Houston Protesters marched through downtown, blocking interstate traffic.

Washington A large crowd chanted outside the White House, prompting the Secret Service to lockdown the building.

Atlanta Vehicles were set afire, and buildings vandalized. Police used tear gas to try to disperse protesters.

By Jugal. K Patel, Jin Wu and Juliette Love

The spectacle of a police station in flames and a president appearing to threaten violence against those protesting the death of a black man in police custody, set against the backdrop of a coronavirus pandemic that has kept many people from engaging with one another directly for months, added to the anxiety of a nation already plagued by crises.

The protests — some peaceful, some marked by violence — have spread across the country, from Denver and Phoenix to Louisville, Ky., and Columbus, Ohio, with more expected on Friday night.

Credit...Victor J. Blue for The New York Times

Mayor Jacob Frey of Minneapolis imposed an 8 p.m. curfew to try to stem the escalating violence that has engulfed the city for the last three nights.

The curfew will extend through the weekend, according to the mayor’s order, expiring at 6 a.m. each morning. During the hours of the curfew, people are prohibited from traveling on public streets or gathering in a public place.

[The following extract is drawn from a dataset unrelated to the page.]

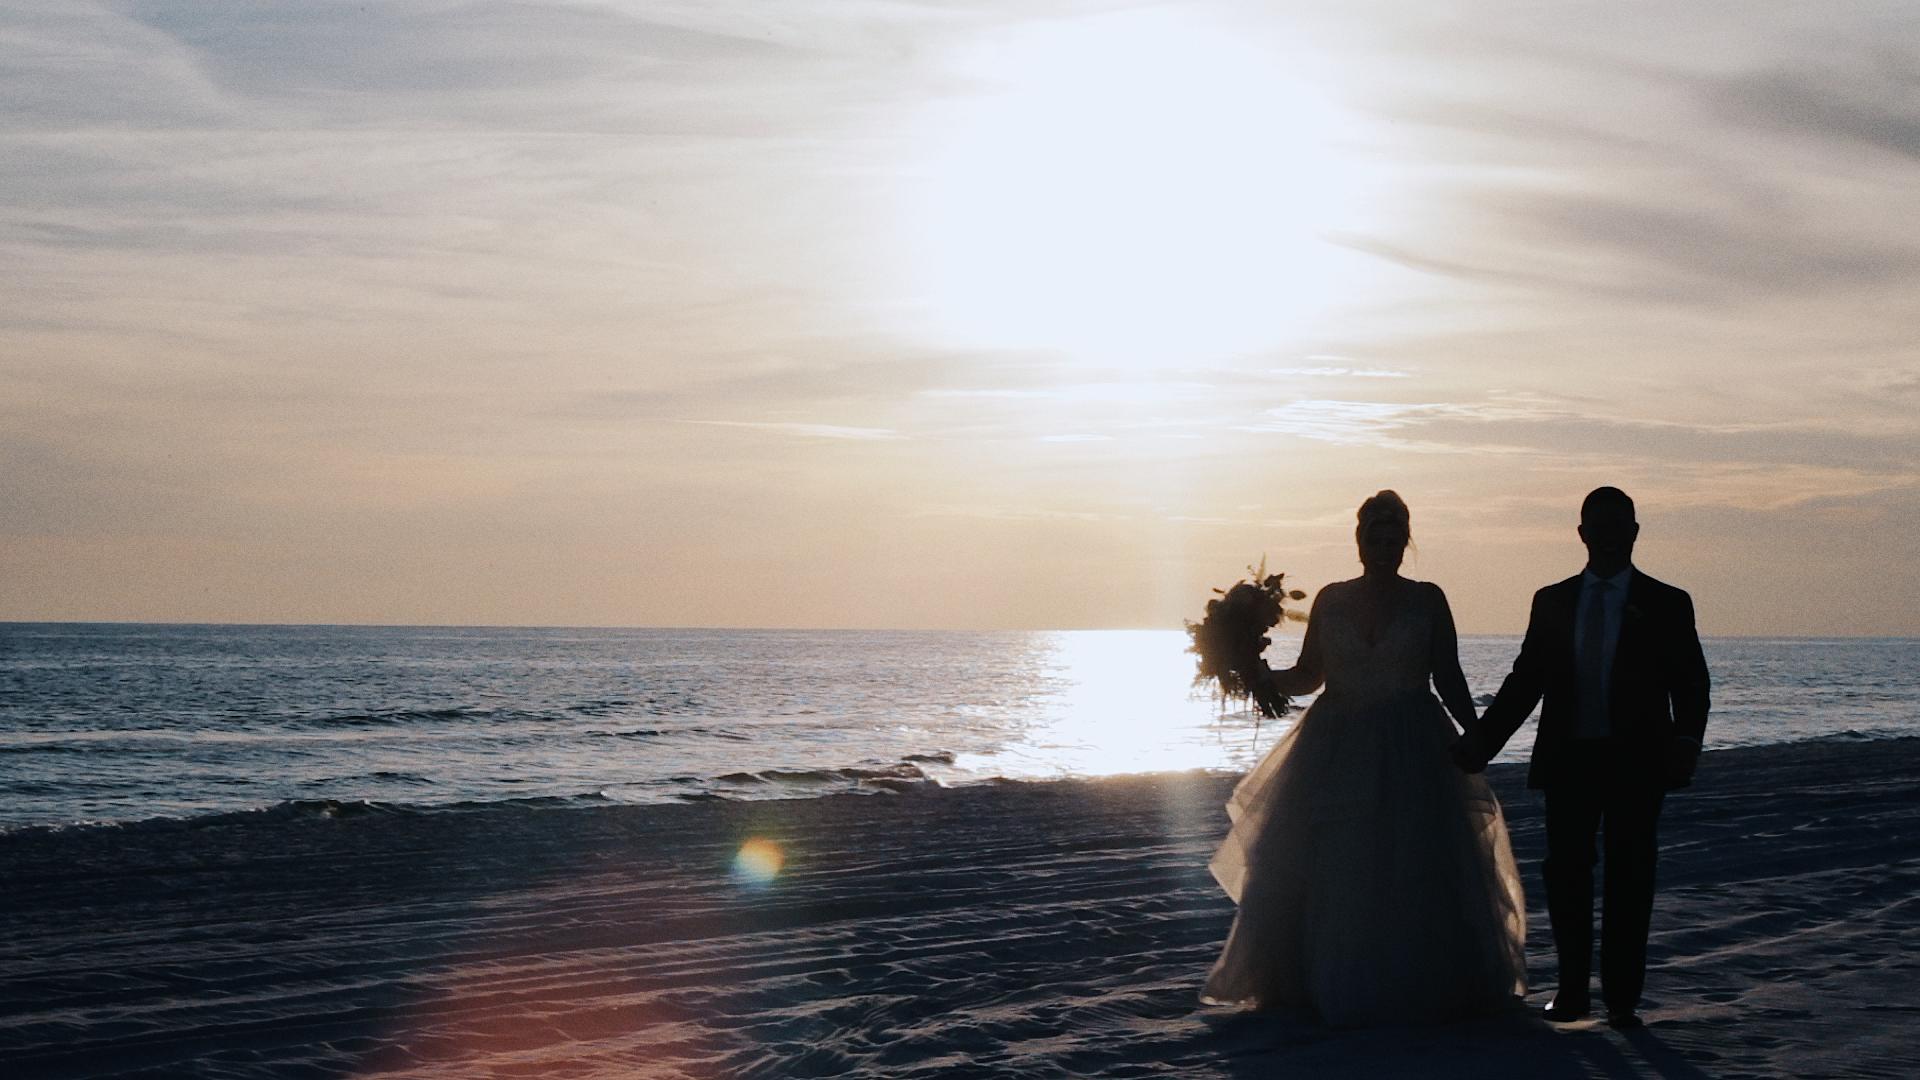 Jason & Ashlee had a captivating, intimate wedding at a beach house in Santa Rosa Beach, Florida

But even as the curfew was taking effect on Friday evening, protesters were defying it, gathering in the streets around the police station that was burned a night earlier.

They chanted, “No justice, no peace, prosecute the police!”

Law enforcement officials fired tear gas into the streets and patrolled in military vehicles.

Governor Walz, who activated the National Guard on Thursday as local police appeared to lose control over angry demonstrators, also extended the curfew to St. Paul and said guardsmen would return to the streets in anticipation of more protests.

In the unrest on Thursday night, more than 160 buildings were destroyed, damaged or looted, The Star Tribune reported. Nearly all businesses in the Seward neighborhood of Minneapolis were shut on Friday, many protected with plywood.

During a 90-minute news conference on Friday, the governor said officials should have anticipated that the protests could become violent, but he said it was unrealistic to expect law enforcement to stop people from coming out to demonstrate, even amid the social-distancing orders that have been imposed during the coronavirus pandemic.

“Watching what happened to George Floyd had people say, ‘To hell with staying home,’” he said. “The idea that we would go in and break up those expressions of grief and rage was ridiculous.”

Camille J. Gage, 63, an artist and musician who joined the protests, said she was relieved that Mr. Chauvin had been charged. “How can anyone watch that video and think it was anything less?” she said. “Such blatant disregard for another living soul.”

Kelsey Lindell, 27, an executive producer for a local film company, said all four officers at the scene of the incident should be arrested, charged and punished for murder. “I want to see a higher charge for all the officers,” she said, “but the biggest thing for me is that this guy gets jail time.”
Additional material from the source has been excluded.